I remember once buying an old freezer. This would have been around 1998. The freezer was made around 1965. It purred like a kitten, was always perfect temperature, and in the 10 years that we owned it (I wish I still had it!), it never once needed a repair. That don't make 'em like they used to! Why not, I wonder?
I like old stuff. Older styles, and older designs, they had something to them that we seem to have lost lately. It is not just a matter of workmanship (although quality of workmanship is largely in the tank these days), it is a matter of the attitude toward "new stuff" and toward "old stuff". We have become obsessed with "new stuff" to such a degree that yesterday is old in many people's minds. No longer is there much sense of stability of the past.
I can think of many times when someone referred to a tradition of the Church (which was apparently fine for numerous generations of Catholics before the 20th century) as "archaic" or "the old way" or (the worst of all) "pre-Vatican II". This says automatically that "newer is better" and that we always have to be contemporary in our practices (which is impossible since time is always moving forward).
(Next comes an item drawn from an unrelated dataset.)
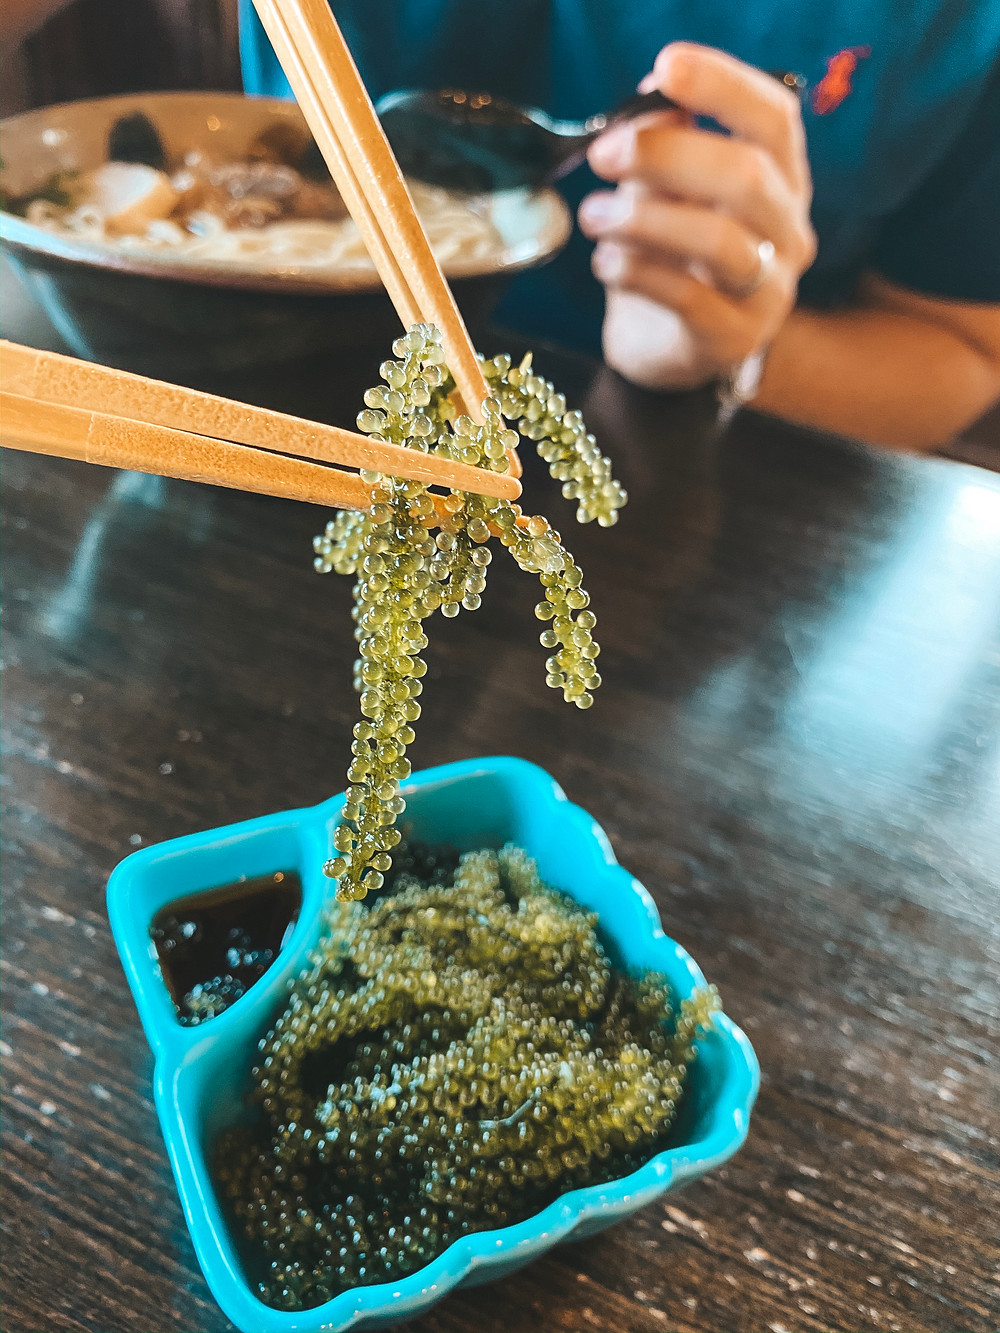 Okinawa Sea Grapes

This mistaken notion is almost non-existent before the modern age. There was a time when Catholics thought of something "new" in the same way that we think of something that is "immature".
If you read through the Scriptures you will find an assumption that makes modernists uncomfortable. I speak of the assumption that something new cannot be trusted, and that youth is foolish. New things are always suspect and need to be proven before relied upon. If you look at the lives of the Saints you will see the same thing: an attitude that knows what is already proven gives confidence, but what is immature and untested needs time to show its worth.
So then, yes, I prefer the old stuff, but not just because I like the designs of the past (which I do), but also because I am not a modernist. I do not assume that newer is always better, nor do I assume that older is better (but it is likely more settled and stable!). Can we move forward? Yes. Can we advance? Yes. We should not, however, seek to do so with a disdain for that which is solid and trustworthy.